Aquifer units within the BSEACD range in age from Cretaceous (ca. 100 Mya) to Holocene (10,000 years ago) and consist of limestone, gravel, sand, and clay. The most prolific aquifers within the study area are composed of Cretaceous-age limestone and sand units that comprise the Edwards and to a lesser extent the Trinity Aquifers.
The Balcones Fault Zone (BFZ), a series of northeast-trending faulting strongly influences groundwater flow in central Texas.
Barton Springs segment of the Edwards Aquifer
The Edwards Aquifer of central Texas is subdivided into the Northern, Barton Springs, and San Antonio segments. The Edwards Aquifer is composed of the Cretaceous-age Edwards Group (Kainer and Person Formations) and the Georgetown Formation in Central Texas.
The Barton Springs aquifer covers about 155 mi2 and is composed of limestone that is highly faulted, fractured, and dissolved, forming a very prolific karst aquifer ranging from 0 to 450 feet thick. The Barton Springs aquifer provides the majority of groundwater within the BSEACD. The segment is divided into essentially 4 hydro zones: Contributing, Recharge, Confined, and Saline Zones.
Generally, rainfall collects and runs off land in the Contributing Zone and fills creeks that cross into the Recharge Zone. Recharge refers to water replenishing the aquifer. The recharge zone is where the exceptionally porous Edwards limestone is exposed at the surface providing direct access to the groundwater system. Recharge occurs mainly along the six major streams that cross the recharge zone, but also in upland areas of the recharge zone. In creek beds and in upland areas, there are very thin to no soils to help remove contaminants before they enter the groundwater system. So the benefit is that water can replenish the water supply, but the drawback is that the quality of that water is directly linked to land use and surface water quality. Conservation easements, building restrictions, impervious cover limitations, high stormwater treatment standards, and most importantly, residents’ land stewardship have been effective at protecting the quality of water recharging the aquifer, so far. With increasing development, the quality of the water in the freshwater Edwards is at greater and greater risk of contamination.
Water levels in the freshwater Edwards Aquifer vary according to the amount of water stored in the aquifer, which is dependent upon the climatic conditions. In addition, the location (Western Edwards–unconfined or Eastern Edwards–confined zones) within the aquifer can also influence the water levels and how much they may vary over time. Barton Springs and some wells respond very quickly to recharge events reflecting their influenced by conduit (fast) permeability. Most water wells show a combined influence of matrix (slow) and conduit flow. Wells in the freshwater Edwards are subject to significant drought restrictions.

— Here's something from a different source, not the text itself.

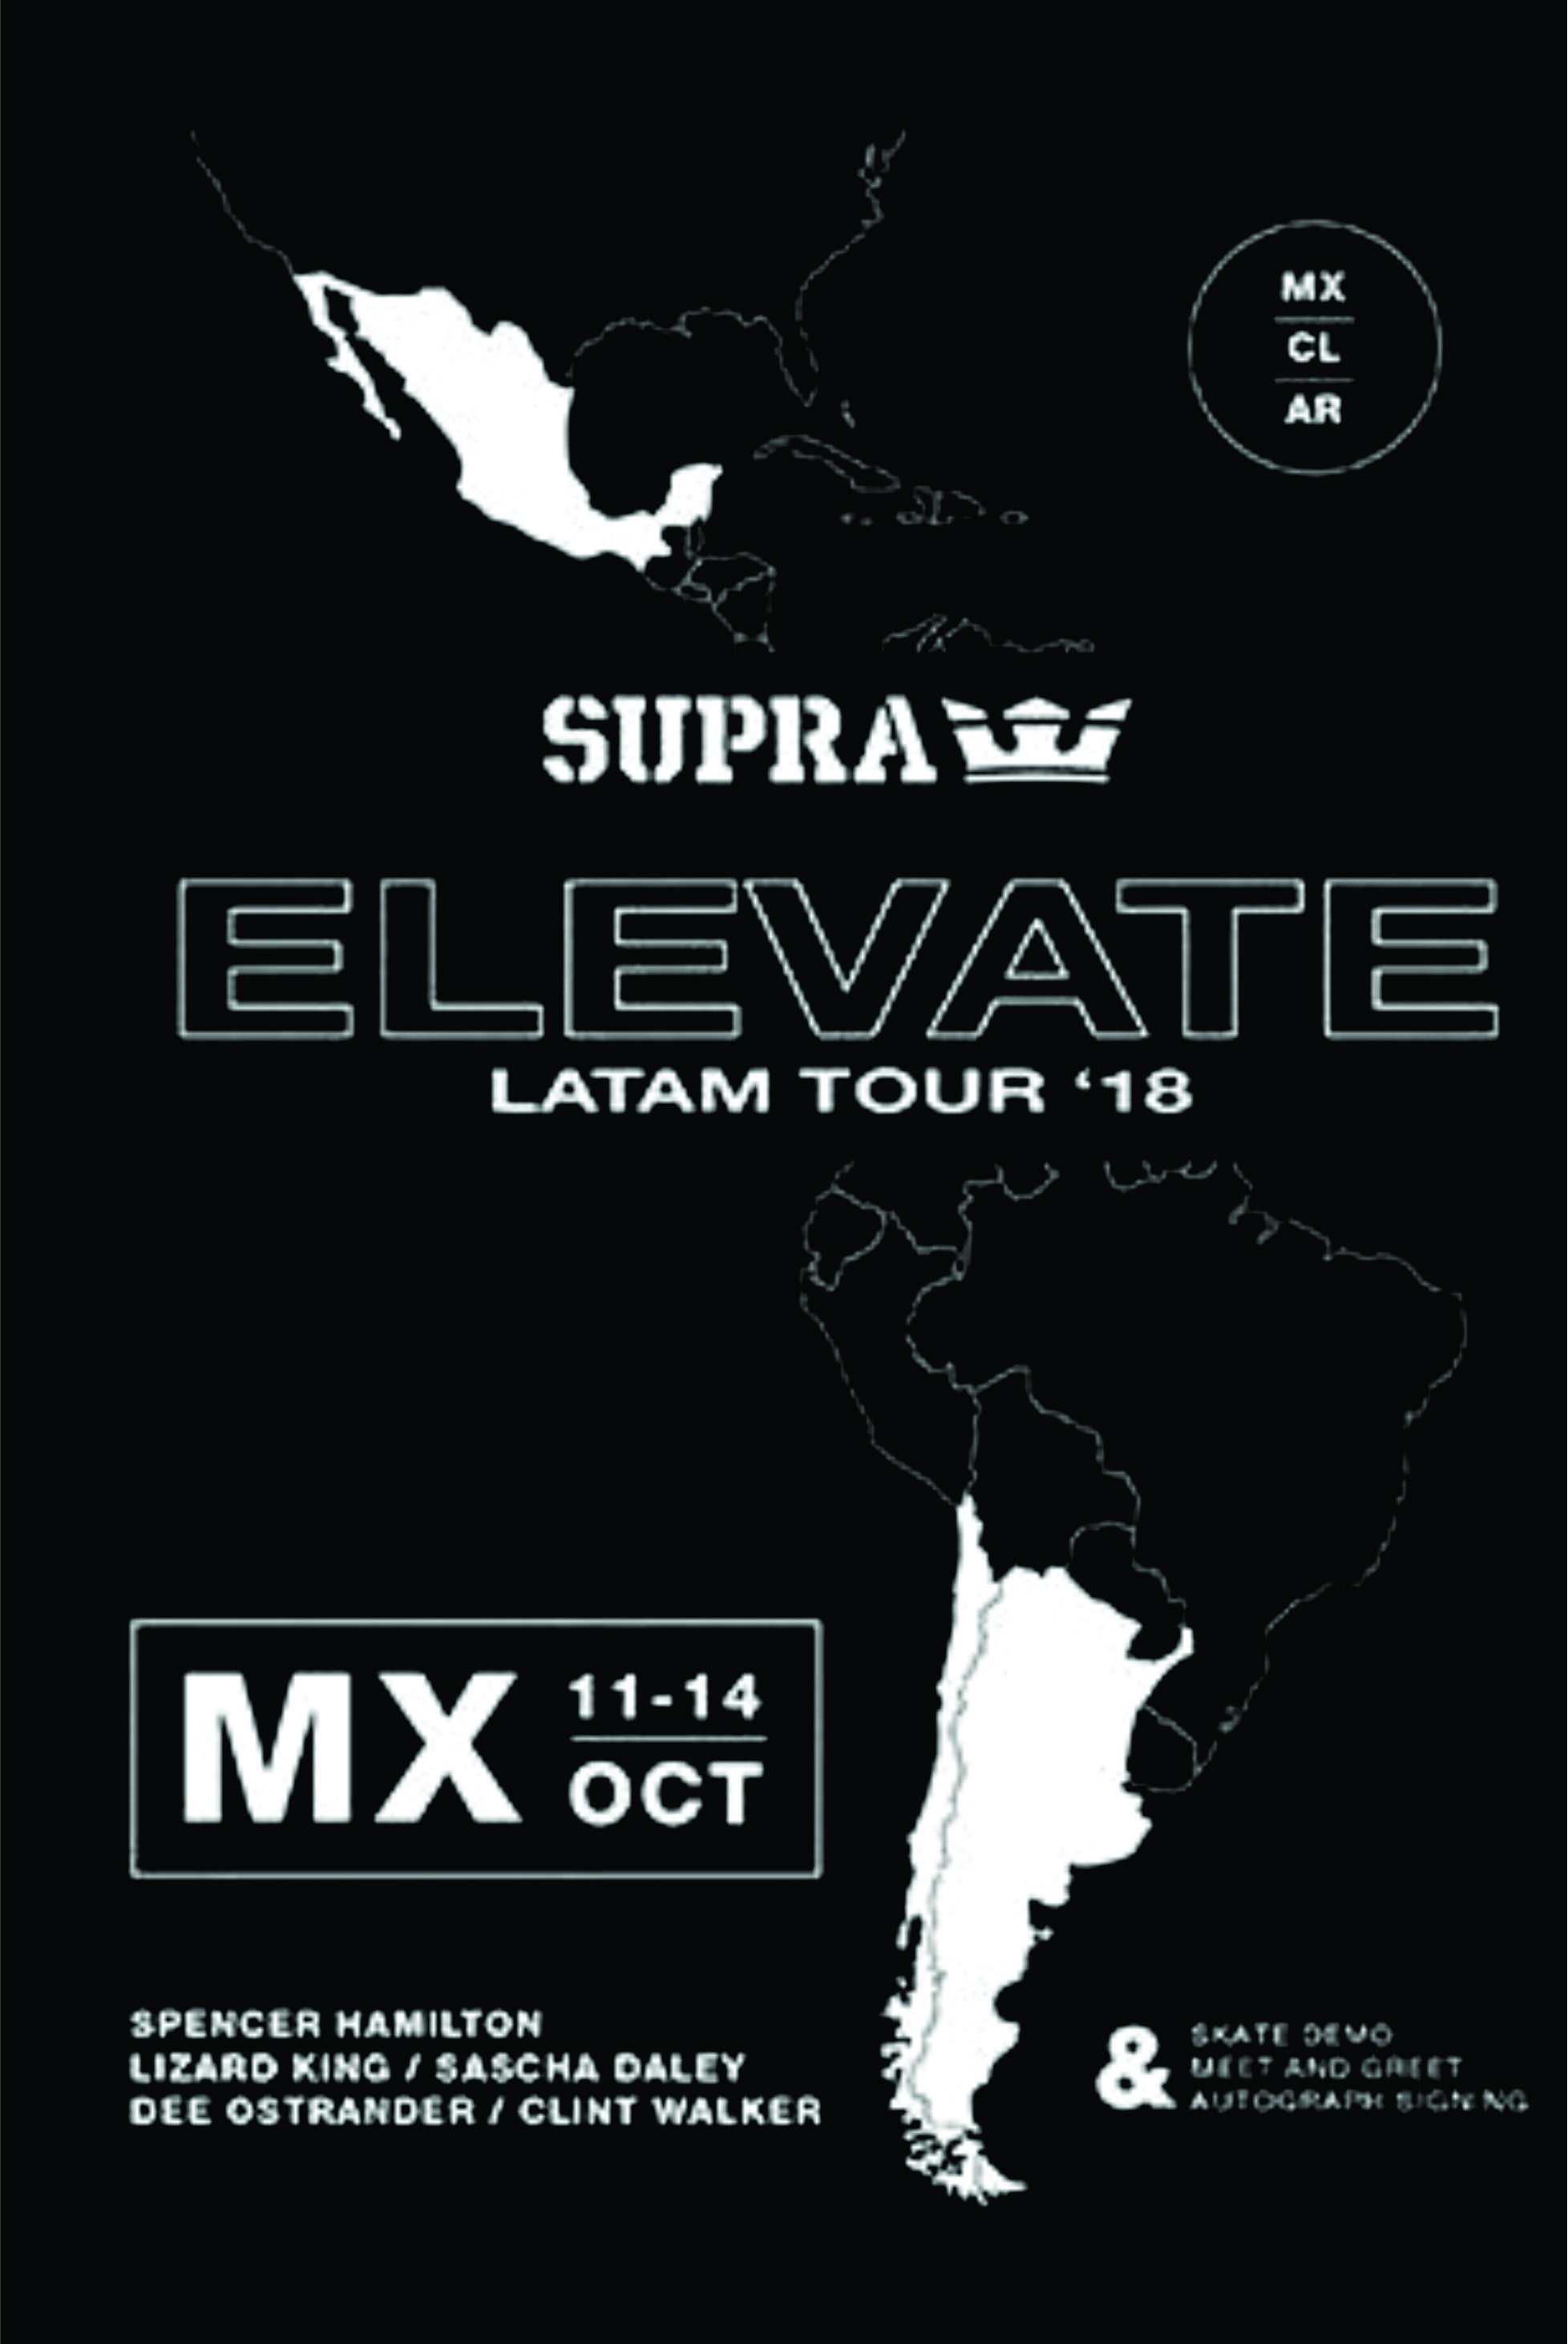 Supra - Elevate LatAm cover

The Saline zone of the Edwards is located in the eastern section of the District. Generally, water is more stagnant, and therefore, has a high concentration of total dissolved solids–making it brackish. Water must be treated, but there are few wells, relatively large available volume of water, and few drought restirctions for water pumped from the Saline zone. This area is the focus of many water availability and treatment studies at the local and state level. Any permitted wells in this zone must not influence the fresh/saline water boundary.
Below is a short summary of the Trinity Aquifer. The reader is refered to the the Hydrogeologic Atlas of the Texas Hill Country for detailed information on the Trinity Aquifer.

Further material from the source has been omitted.